Ho appena installato xfc4 perche' sono curioso di provarlo pero' non ho capito alcune cose... Ho cercato sul forum ma non ho trovato quello che cercavo.

Il mio problema adesso e' l'associazione dei files alle varie applicazioni. Ho visto che se clikki su un file che nn sa come aprire esce una riga di comando sopra la finestra dove puoi dare il comando al programmino che vuoi e dirgli anche di ricordarsi... Pero non cambia l'iconcina... Cmq il problema piu' fastidioso me lo danno le immagini. Infatti nonostante io abbia associato alle immagini .jpg un programmino per vederle (Eye of Gnome) non mi fa l'antemprima anche se e' selezionata  :Sad: 

La cosa strana invece e' che fa correttamente l'anteprima delle immagini .gif (ma non le apre) e delle immagini .jpg che stanno nella cartella desktop (il desktop di KDE).

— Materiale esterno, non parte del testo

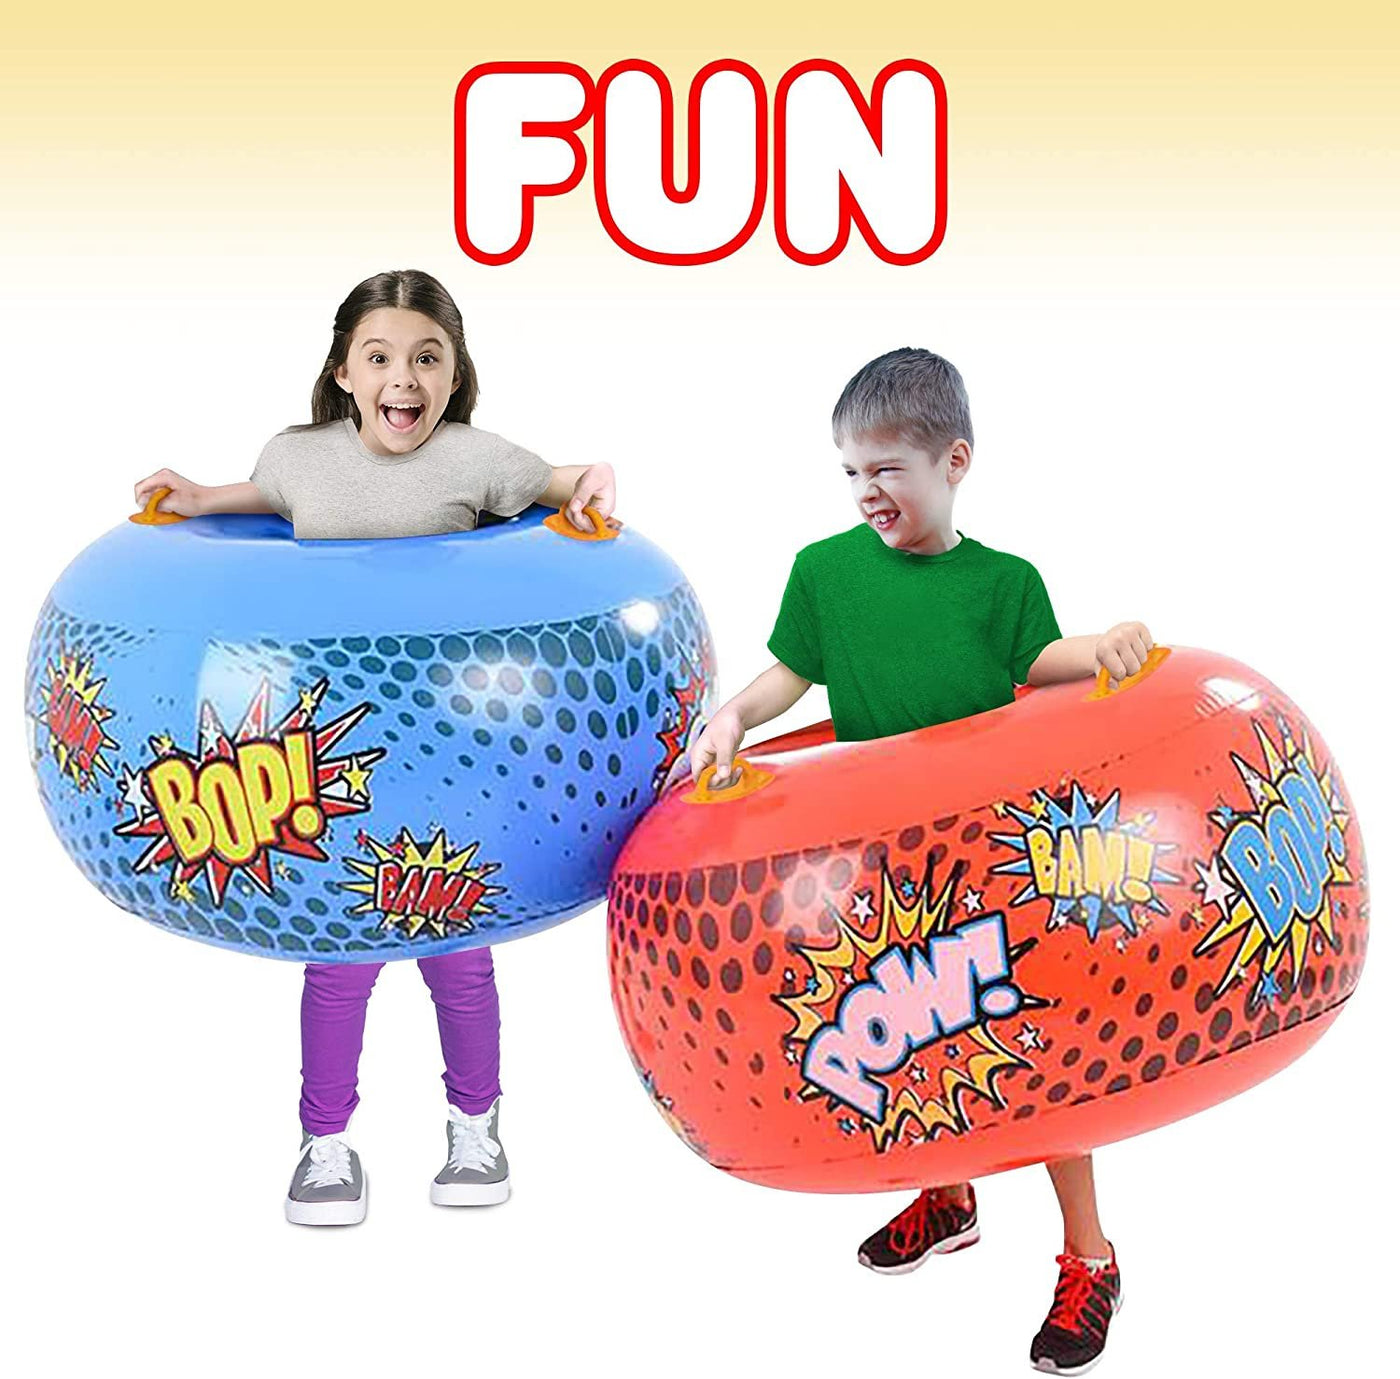 Inflatable Body Bumper Set for Kids - Pack of 2 - Colorful Bump Ball Toys with Handles - Great Summer Game, Fun Birthday Party Activity, Gift Idea for Boys and Girls - Red and Blue

Qualcuno ha qualche suggerimento?

Va benissimo anche l'indicazione di un qualche sito che spiega come gichicciare con xfce4  :Very Happy: 

Ciao ciao

----------

## Naspe

nn ne sa nulla nessuno?  :Sad: 

----------

## =DvD=

Se stai usanfo xffm l'associazione la fai scrivendo nella barretta che ti appare in alto, mettendo il nome del programma che vuoi usare, e poi spuntando l'opzione "ricorda" associazione, o qualcosa del genere.

Per l'anteprima delle immagini, la fa solo sotto a un certo peso in kb di quest'ultime.

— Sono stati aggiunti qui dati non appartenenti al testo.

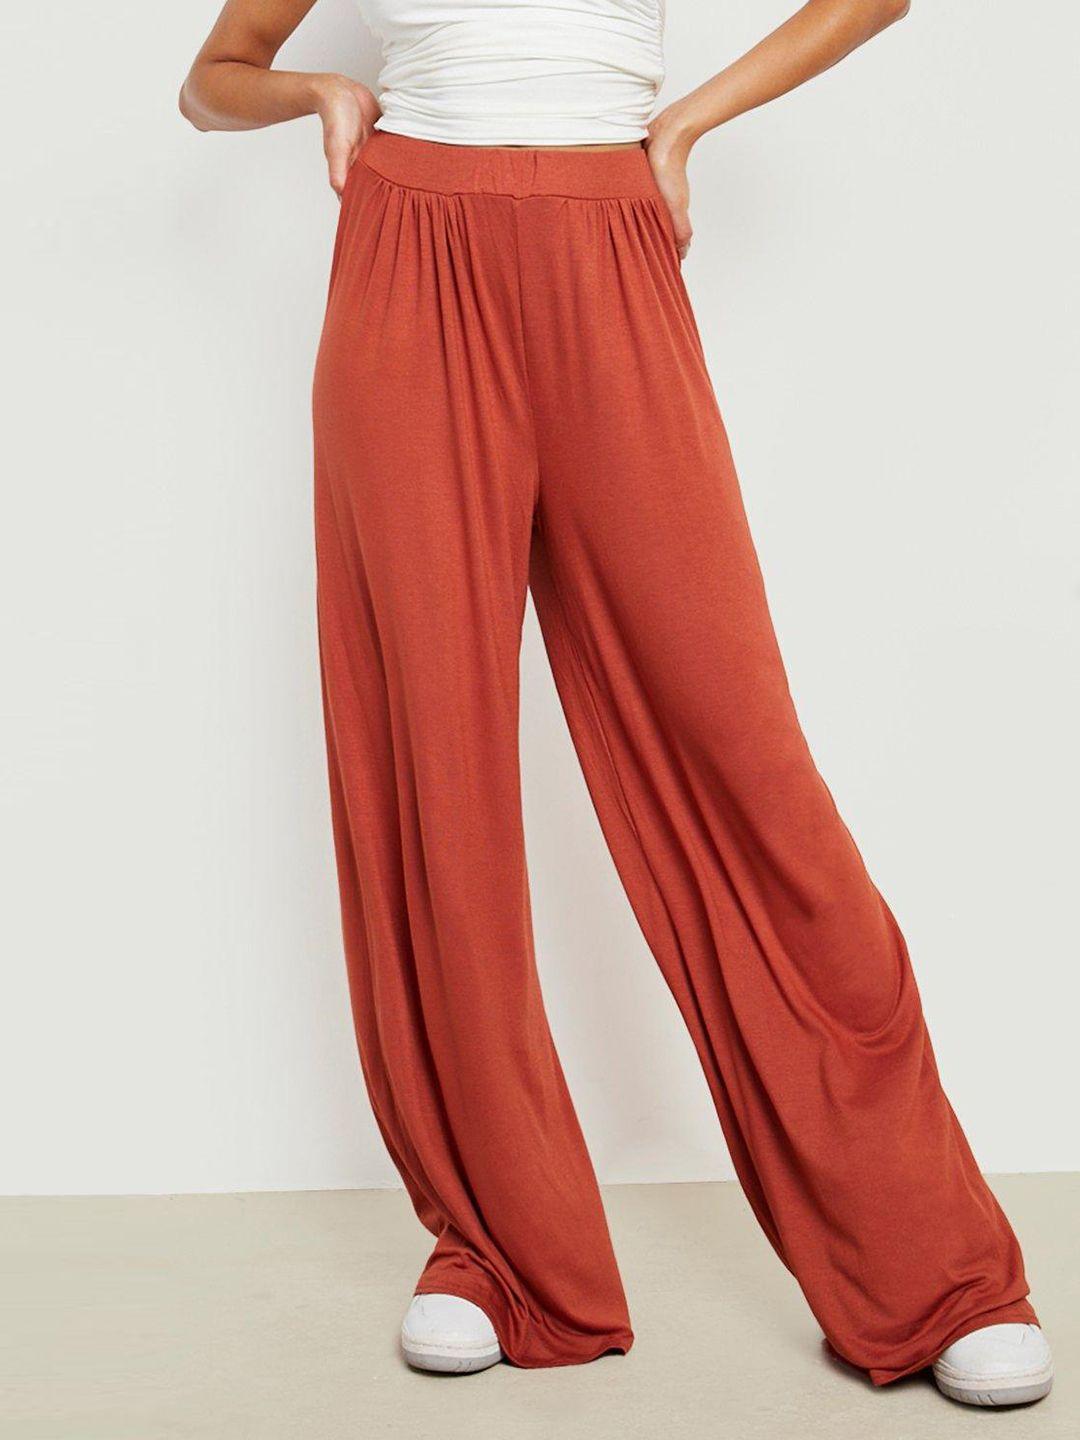 boohoo-women-high-rise-parallel-trousers

Per cambiare al dimensione massima dopo la quale non fa più anteprime devi andare ... non me lo ricordo, guardo e te lo scrivo!

----------

## Naspe

Grazie mille!!!

Attendo con ansia l'indicazione  :Very Happy: 

Tanto continuo a fare prove  :Very Happy: 

----------

## =DvD=

Settings manager -> gestore di file -> XFFM_MAX_PREVIEW_SIZE !

----------

## Naspe

Perfetto!!!

Grazie mille. Ora piu o meno si vedono le preview anche se alcune si vedono solo meta' e l'altra meta' e' grigia... vabbe'  :Razz: 

Ho notato una cosa di xffm... Se seleziono piu' files, non riesco a farci alcuna operazione tutti assieme. Se ad esempio faccio click col tasto destro du uno di quelli selezionati mi deseleziona il gruppo e seleziona solo quello... Quindi nn riesco a copiare piu' di un file alla volta... Stessa cosa se tento di trascinarli...

C'e' qualcosa da settare per evitare questo comportamento?

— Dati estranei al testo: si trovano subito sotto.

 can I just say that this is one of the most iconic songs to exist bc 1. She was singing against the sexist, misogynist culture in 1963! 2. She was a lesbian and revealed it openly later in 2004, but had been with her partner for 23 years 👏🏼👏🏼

Un'altra cosa che sfugge alla mia comprensione e' il menu  :Very Happy: 

Ho visto che c'e' l'aposita utility per configurarlo... ma mi fa settare solo un pezzetto del menu, diciamo i primi 4 link... Tutte le Applicazioni, Giochi, Utility ecc ecc le mette lui prese da chissa' dove...

Altra cosa... Con KDE quando spengo la macchina, si chiude il server X e durante lo shutdown mi fa vedere la console con tutti i messaggini dei servizio che si chiudono. Adesso ho tirato via un po di KDE (ho lasciato giusto ARts...) e uso GDM per il login. Pero' ho notato che quando faccio lo shutdown il desktop di xfce4 resta li sino che nn si spegne il tutto. Poco male. Pero' nn vedo se qualcosa si chiude male...

----------

## Naspe

ALtra cosina fastidiosetta... Ogni volta che riavvio tutti i valori del mixer sono a 0... Anche se li alzo e poi quando chiudo ho il flagghino save session...

Non ho visto nel mixer alcun genere di save per fargli tenere le conf...

----------

## =DvD=

Per spostare tanti files clicka sull'icona e non sul testo del file medesimo.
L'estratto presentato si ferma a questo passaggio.